As it’s bio reads, ArtificialStupidity is a highly sentient AI intelligently matching quotes and comics through state-of-the-art robotics, sophisticated machine learning, and blockchain technology.
Basically, every 15 minutes, a Python script is triggered on my computer (soon on my Raspberry Pi 4). Each time it triggers, this script generates a random number to determine whether it should post something. If so, the script subsequently generates another random number to determine what is should post: a quote, a comic, or both.
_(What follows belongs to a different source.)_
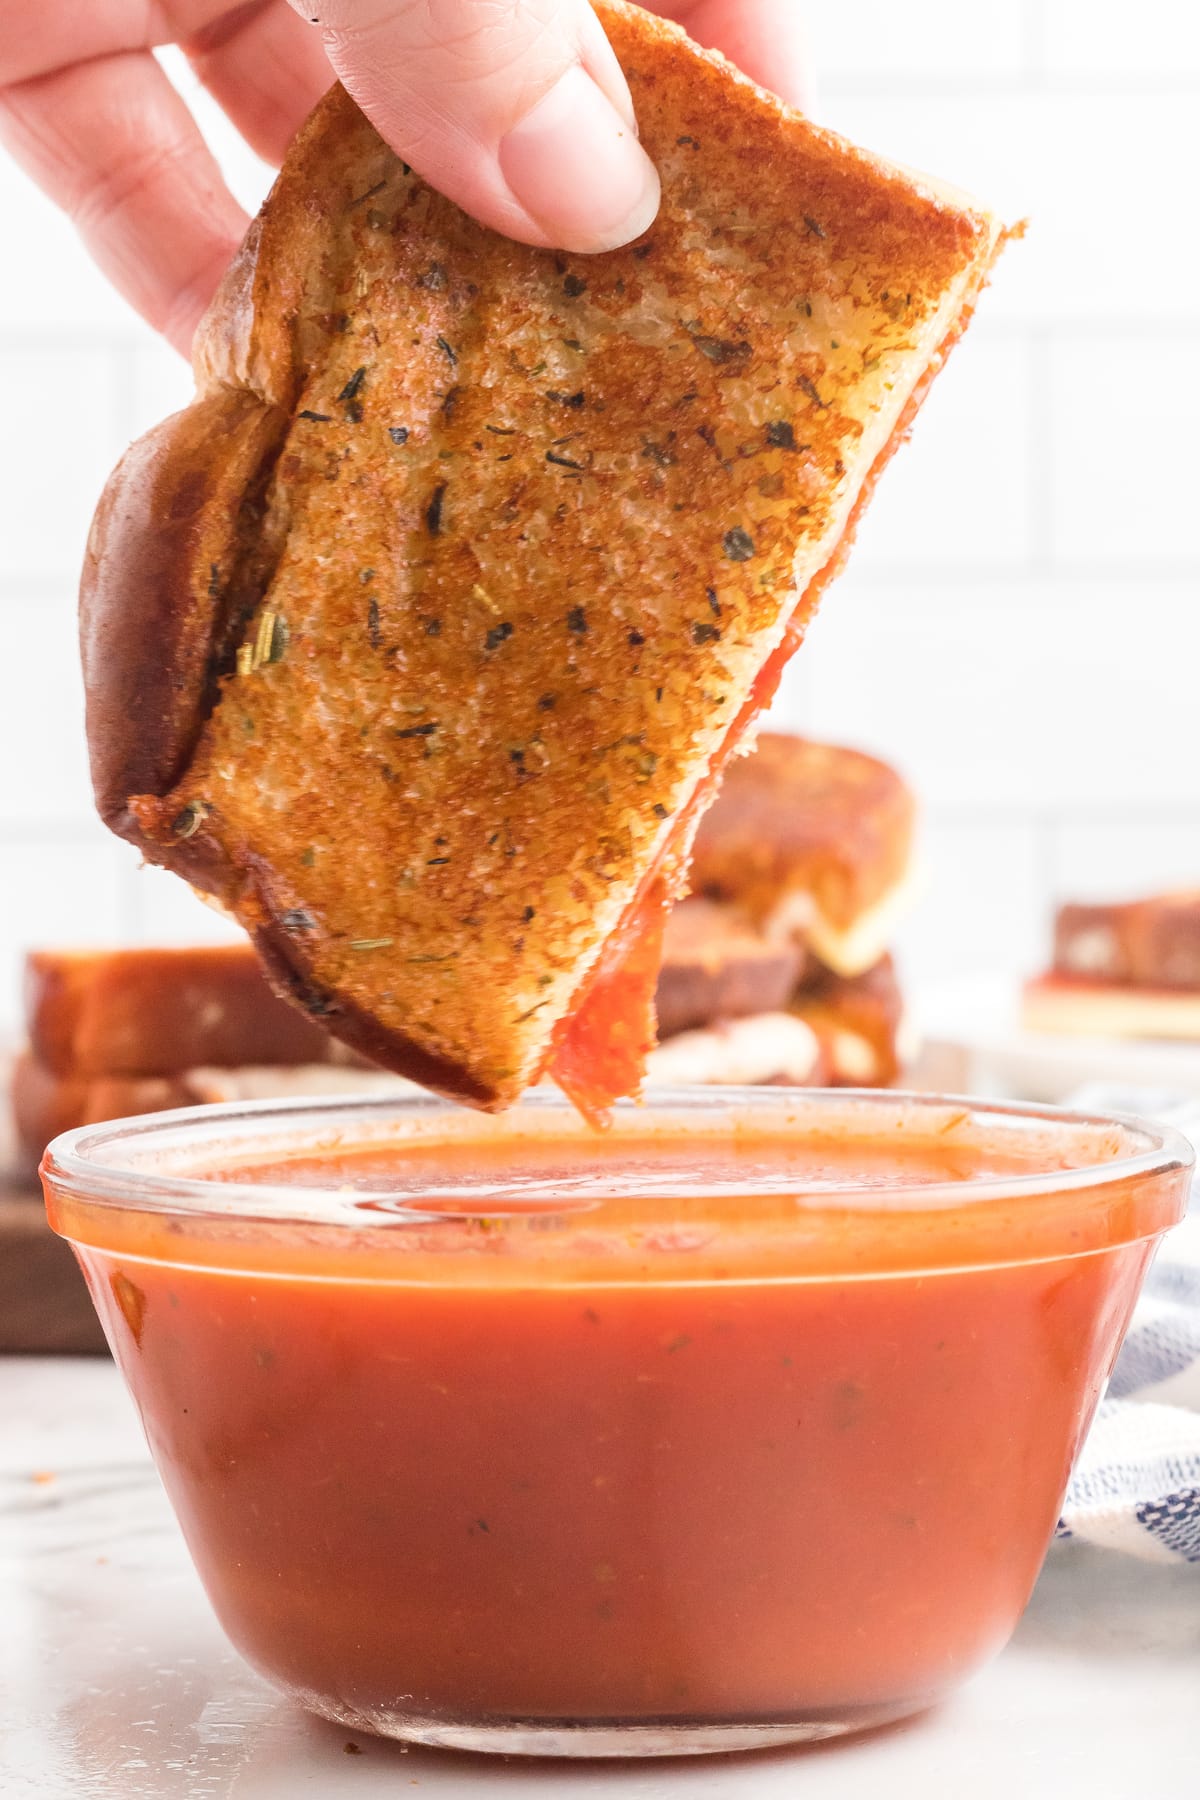 hand dipping pizza grilled cheese into pizza sauce

Behind the scenes, some other functions add hastags and — voila — a tweet is born!
(An upcoming post will elaborate on the inner workings of my ArtificialStupidity Python script)
More often than not, ArtificialStupidity produces some random, boring tweet:
However, every now and then, the bot actually manages to combine a quote with a comic in a way that gets some laughs:
Now, in order to compile these tweets, my computer hosts two databases. One containing data- and tech- related comics; the other a variety of inspirational quotes. Each time the ArtificialStupidity bot posts a tweet, it draws from one or both of these datasets randomly. With, on average, one post every couple hours, I thus need several hundreds of items in these databases in order to prevent repetition — which is definitely not entertaining.
Up until last week, I manually expanded these databases every week or so. Adding new comics and quotes as I encountered them online. However, this proved a tedious task. Particularly for the quotes, as I set up the database in a specific format (“quote” – author). In contrast, websites like Goodreads.com display their quotes in a different format (e.g., “quote” ― author, source \n tags \n likes). Apart from the different format, the apostrophes and long slash also cause UTF-8 issues in my Python script. Hence, weekly reformatting of quotes proved an annoying task.
Up until this week!
While reformatting some bias-related quotes, I decided I’d rather invest 10 times more time developing my Python skills, than mindlessly reformatting quotes for a minute longer. So I started coding.
I am proud to say that, some six hours later, I have compiled the script below.
I’ll walk you through it’s functions.
So first, I import the modules/packages I need. Note that you will probably first have to pip install package-name
on your own computer!
argparse
for the command-line interface argumentsre
for the regular expressions to clean quotesbs4
for itsBeautifulSoup
for scraping website contenturllib.request
for opening urlscsv
to save csv filesos
for directory pathing
import argparse
import re
from bs4 import BeautifulSoup
from urllib.request import urlopen, Request
import csv
import os
Next, I set up the argparse.ArgumentParser
so that I can use my API using the command line. Now you can call the Python script using the command line (e.g., goodreads-scraper.py -t 'bias' -p 3 -q 80
), and provide it with some arguments. No arguments are necessary. Most have sensible defaults. If you forget to provide a tag you will be prompted to provide one as the script runs (see later).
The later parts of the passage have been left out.